Silverstripe CMS tracks the official PHP release support timeline. When a PHP version reaches end-of-life, Silverstripe CMS drops support for it in the next minor release.
Database
- MySQL >=5.6 ( built-in, commercially supported)
- PostgreSQL (third party module, community supported)
- SQL Server (third party module, community supported)
- SQLite (third party module, community supported)
Default MySQL Collation
In Silverstripe CMS Recipe 4.7 and later, new projects default to the utf8mb4_unicode_ci
collation when running
against MySQL, which offers better support for multi-byte characters such as emoji. However, this may cause issues
related to Varchar fields exceeding the maximum indexable size:
- MySQL 5.5 and lower cannot support indexes larger than 768 bytes (192 characters)
- MySQL 5.6 supports larger indexes (3072 bytes) if the
innodb_large_prefix
setting is enabled (but not by default) - MySQL 5.7 and newer have
innodb_large_prefix
enabled by default - MariaDB ~10.1 matches MySQL 5.6's behaviour, >10.2 matches 5.7's.
You can rectify this issue by upgrading MySQL, enabling the innodb_large_prefix
setting if available, or reducing the
size of affected fields. If none of these solutions are currently suitable, you can remove the new collation
configuration from app/_config/mysite.yml
to default back to the previous default collation.
Existing projects that upgrade to Recipe 4.7.0 will unintentionally adopt this configuration change. Recipe 4.7.1 and later are unaffected. See the release notes for more information.

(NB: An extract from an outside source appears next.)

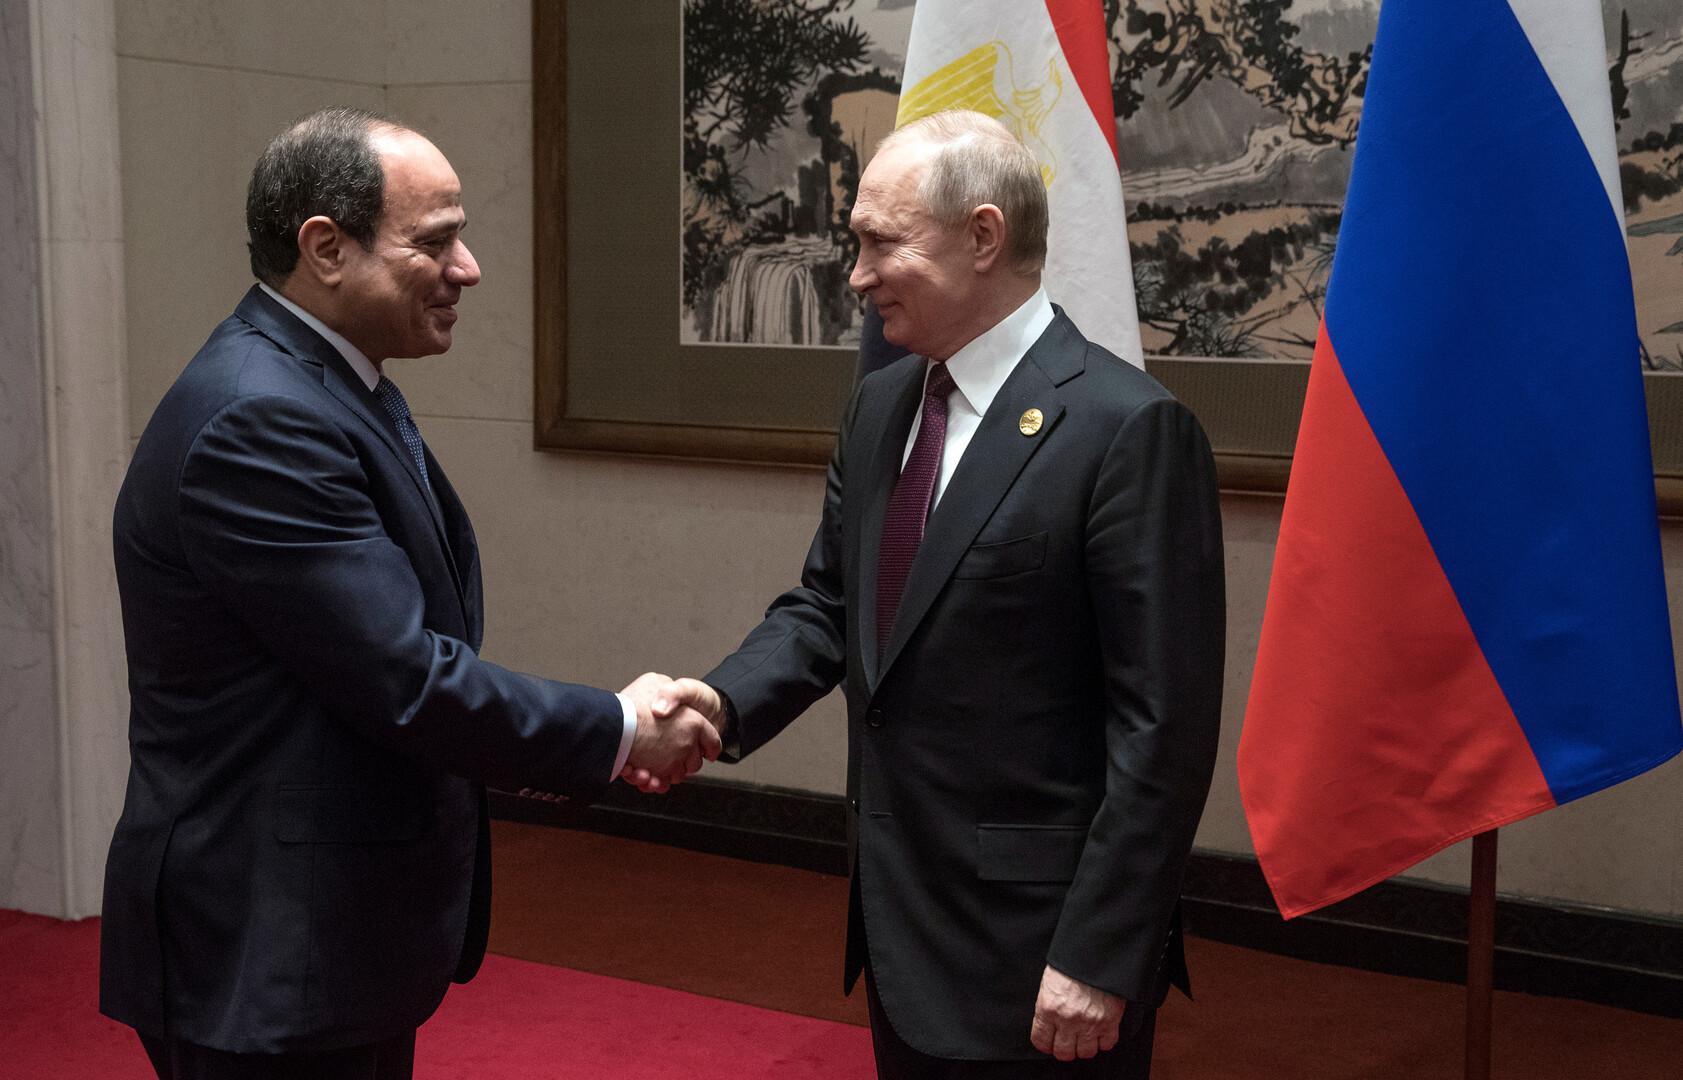 السيسي يصل سوتشي للمشاركة في القمة الروسية الإفريقية
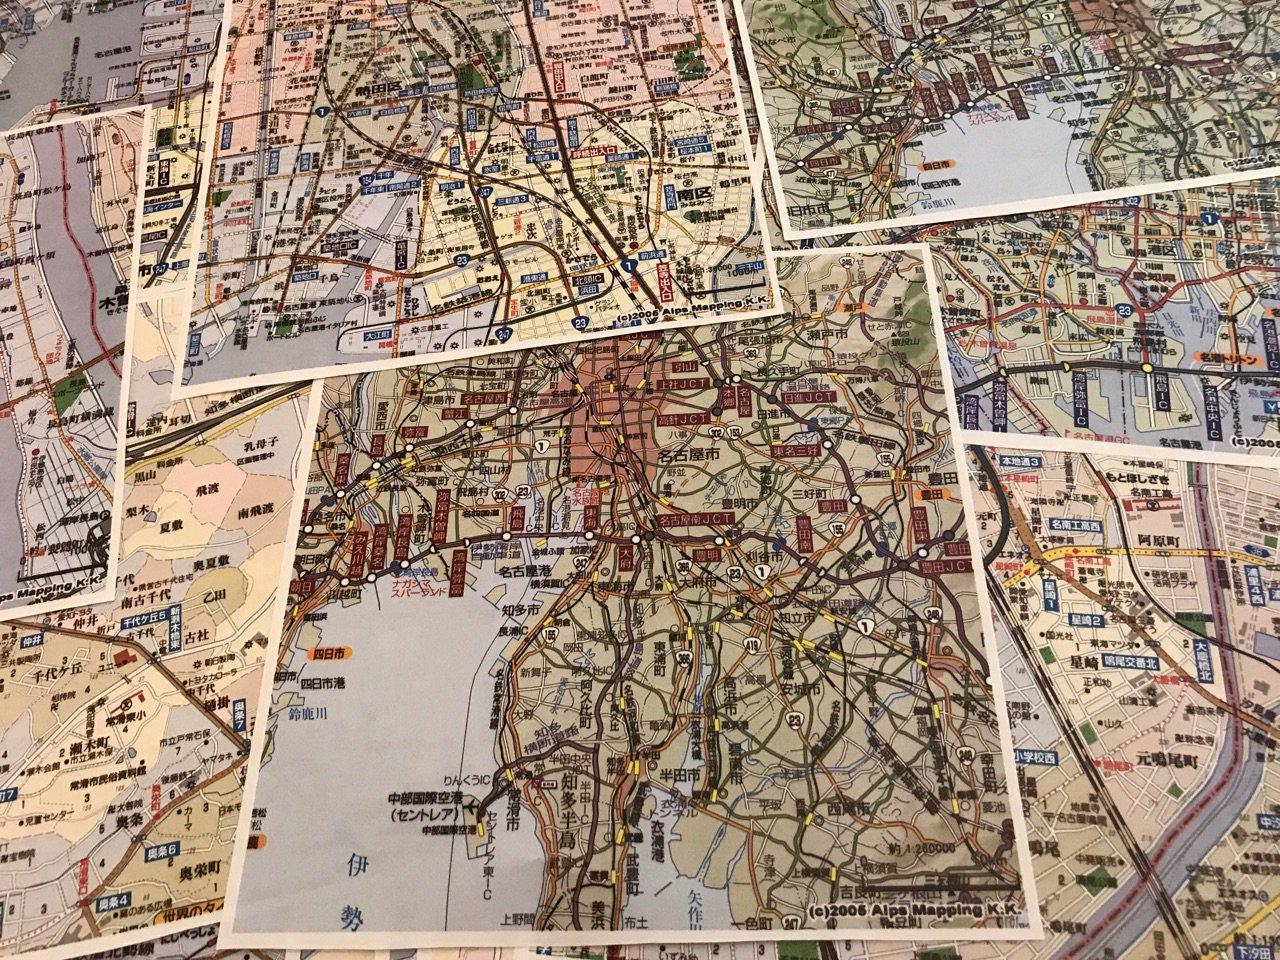 10年ぐらい前にパソコンで印刷した地図がたくさん出てきた。 https://t.co/RnA7bnkgN6

Connection mode (sql_mode) when using MySQL server >=5.7.5
In MySQL versions >=5.7.5, the ANSI
sql_mode setting behaves differently and includes the ONLY_FULL_GROUP_BY
setting. It is generally recommended to leave this setting as-is because it results in deterministic SQL. However, for
some advanced cases, the sql_mode can be configured on the database connection via the configuration API (
see MySQLDatabase::$sql_mode
for more details.) This setting is only available in Silverstripe CMS 4.7 and later.
Webserver Configuration
Overview
Silverstripe CMS needs to handle a variety of HTTP requests, and relies on the hosting environment to be configured securely to enforce restrictions. There are secure defaults in place for Apache, but you should be aware of the configuration regardless of your webserver setup.
Public webroot
The webroot of your webserver should be configured to the public/
subfolder. Projects created prior to Silverstripe CMS
4.1 might be using the main project folder as the webroot. In this case, you are responsible for ensuring access to
system files such as configuration in *.yml
is protected from public access. We strongly recommend switching to more
secure hosting via the public/
. See 4.1.0 upgrading guide.
Filesystem permissions
During runtime, Silverstripe CMS needs read access for the webserver user to your base path (including your webroot). It also needs write access for the webserver user to the following locations:
public/assets/
: Used by the CMS and other logic to store uploadsTEMP_PATH
: Temporary file storage used for the default filesystem-based cache adapters in Manifests, Object Caching and Partial Template Caching. See Environment Management.
If you aren't explicitly packaging your Silverstripe CMS project during your deployment process, additional write access may be required to generate supporting files on the fly. This is not recommended, because it can lead to extended execution times as well as cause inconsistencies between multiple server environments when manifest and cache storage isn't shared between servers.
Assets
Silverstripe CMS allows CMS authors to upload files into the public/assets/
folder, which should be served by your
webserver. No PHP execution should be allowed in this folder. This is configured for Apache by default
via public/assets/.htaccess
. The file is generated dynamically during the dev/build
stage.
Additionally, access is whitelisted by file extension through a dynamically generated whitelist based on
the File.allowed_extensions
setting
(see File Security). This whitelist uses the same defaults
configured through file upload through Silverstripe CMS, so is considered a second line of defence.
Secure Assets
Files can be kept in draft stage, and access restricted to certain user groups. These files are stored in a
special .protected/
folder (defaulting to public/assets/.protected/
).
Requests to files in this folder should be denied by your webserver.
Requests to files in the .protected/
folder are routed to PHP by default when using Apache,
through public/assets/.htaccess
. If you are using another webserver, please follow our guides to ensure a secure
setup. See Developer Guides: File Security for details.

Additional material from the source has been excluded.